TairBloom is an implementation of scalable Bloom filters (SBFs). It features dynamic scalability while maintaining a stable false positive rate. SBFs are optimized Bloom filters. The following section describes the basic principles of Bloom filters and SBFs.

  • Bloom Filter

    A Bloom filter is a space-efficient probabilistic data structure, conceived by Burton Howard Bloom in 1970, that is used to test whether an element is a member of a set.

    A new Bloom filter is a bit array of m bits, all of which are set to 0. The Bloom filter also includes a set of k different hash functions to generate a uniform random distribution. k is a constant that is smaller than m. When you add elements to the Bloom filter, the k hash functions map these elements to k bits in the bit array and set the k bits to a value of 1. In this case, a bit can be shared by multiple pieces of data. The following figure shows how to insert x1 and x2 into a Bloom filter that includes 3 hash functions. Insert x1 and x2 into a Bloom filter
    When you query an element in a Bloom filter, you can use k hash functions to obtain k bits. If all of k bits have a value of 1, the element exists in the Bloom filter. Otherwise, the element does not exist. The following figure shows how to query y1 and y2 in the Bloom filter. Query y1 and y2 in a Bloom filter
    The preceding figure demonstrates that although y2 was never inserted into the Bloom filter, y2 is determined to be existent in the Bloom filter. This scenario shows that Bloom filters have a false positive rate. The preceding analysis indicates that Bloom filters have the following features:
    • A bit can be shared by multiple pieces of data.
    • Bloom filters have a false positive rate and the rate gets higher as the number of elements in a Bloom filter increases. However, Bloom filters do not have a false negative rate. If an element exists in a Bloom filter, the element is always determined to be existent.
    • An element can be added to a Bloom filter but cannot be removed from the Bloom filter. The reason is that bits can be shared. If you remove an element from the Bloom filter, other elements in the Bloom filter are affected.
  • Scalable Bloom Filter

    When an increasing number of elements are added to a Bloom filter, the false positive rate becomes higher. If you want to maintain a stable false positive rate, you must accordingly increase the size of the Bloom filter. However, the size cannot be increased due to structural limits. SBFs emerged in response to this issue. SBFs are a new type of Bloom filter that combines multiple Bloom filters into one.

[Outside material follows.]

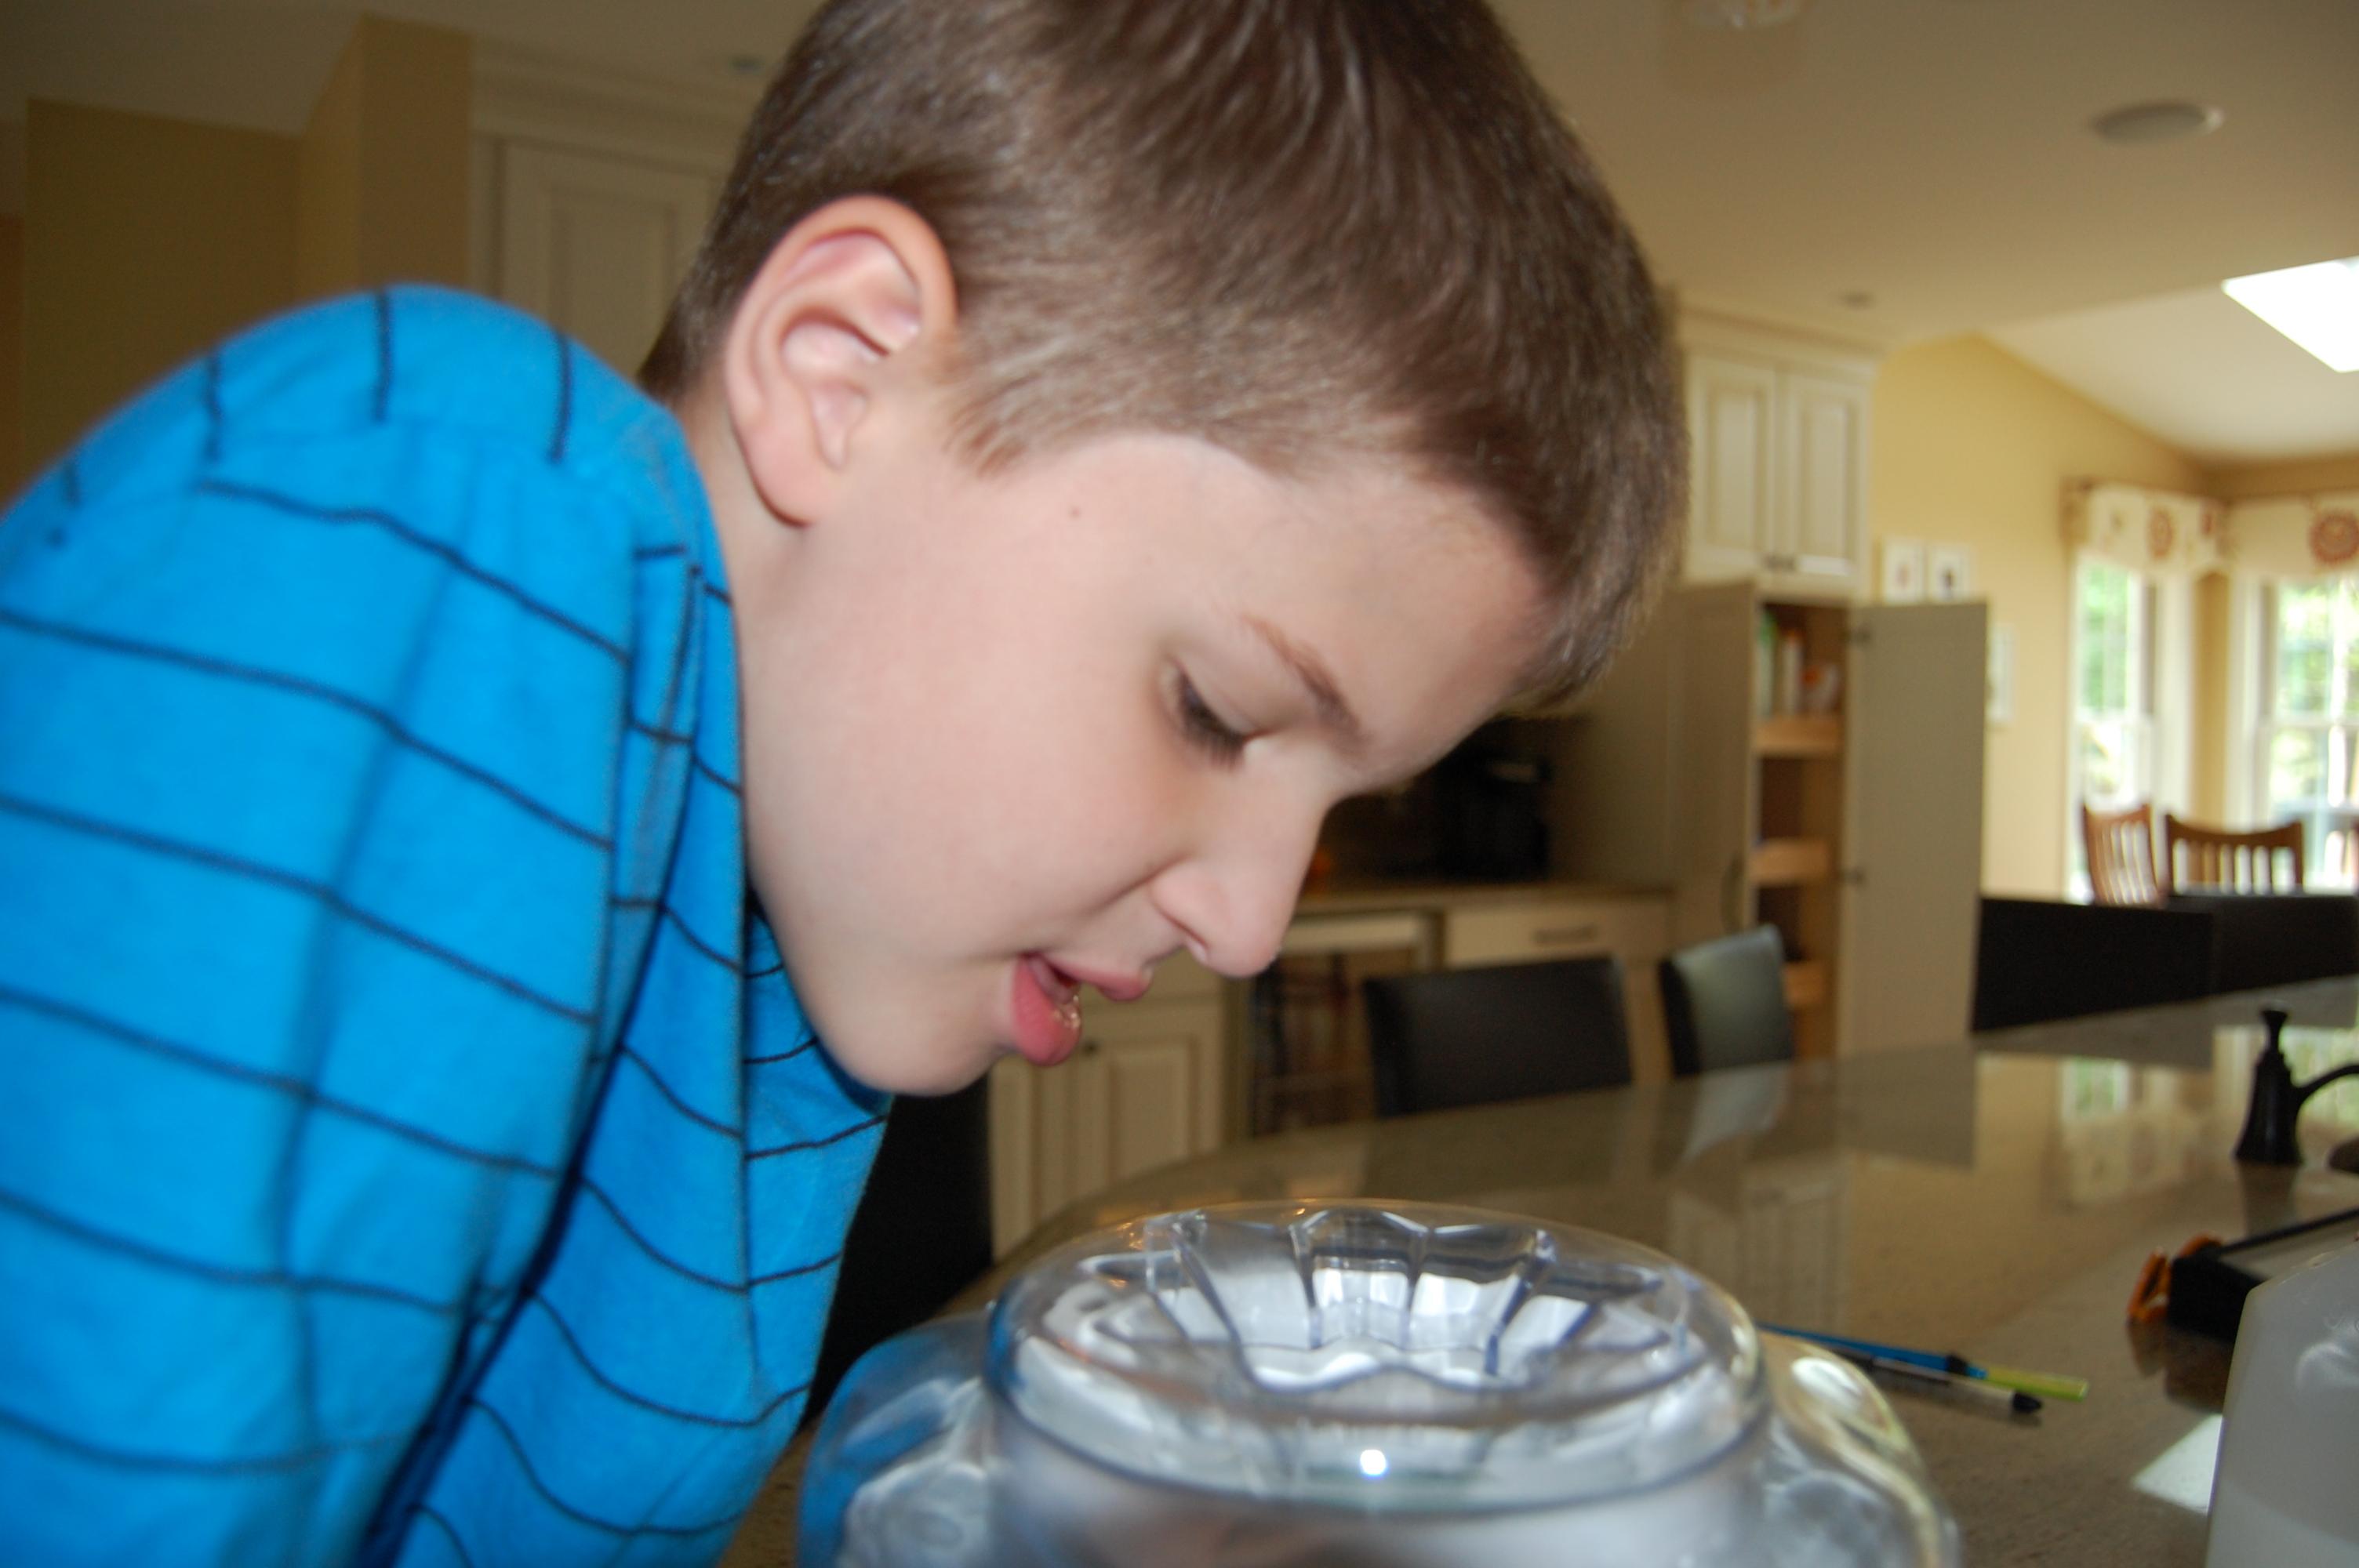 Jack helping make his favorite ice cream.

    The following figure shows the basic model of a SBF. This SBF has two layers: BF0 and BF1. At first, the SBF contains only the BF0 layer. If you insert elements a, b, and c into this SBF and this BF0 layer is not large enough to maintain a specified false positive rate, the BF1 layer is created to increase the SBF size. Then, elements d, e, and f are inserted into the BF1 layer. A new BF2 layer is created if the BF1 layer also cannot maintain the specified positive rate. Model of SBFs

    SBFs insert data only into the last layer and query data starting from the last layer to the BF0 layer. For more information, see Scalable Bloom Filters.

Prerequisites

  • The instance is a performance-enhanced instance of the ApsaraDB for Redis Enhanced Edition (Tair). For more information, see Performance-enhanced instances.
  • The instance is updated to the latest minor version. For more information, see Update the minor version.
    Note If your instance is a cluster instance or read/write splitting instance, your proxy nodes must also be of the latest minor version to ensure that all commands can be executed as expected. For more information about cluster instances and read/write splitting instances, see Cluster master-replica instances and Read/write splitting instances.

Precautions

  • The TairBloom data that you want to manage is stored on a performance-enhanced instance.
  • The initial capacity and false positive rate that meet your requirements must be calculated in advance. To create a TairBloom key that has a capacity far more than 100 elements, run the BF.RESERVE command instead of the BF.ADD command.

    The following section demonstrates the difference between the BF.ADD command and the BF.RESERVE command:

    • BF.ADD (also known as BF.MADD): If a TairBloom key does not exist when this command is run, the key is automatically created. The default capacity of the key is 100, and the default false positive rate of the key is 0.01. If you require a key capacity that is far greater than 100, you can only scale up the key to support more elements.

      When a key is scaled up, more layers of Bloom filters are added to it. Every time a Bloom filter layer is added, the key capacity exponentially increases. In this case, if you perform a query on the key, multiple layers of Bloom filters need to be traversed and the performance of the key significantly deteriorates.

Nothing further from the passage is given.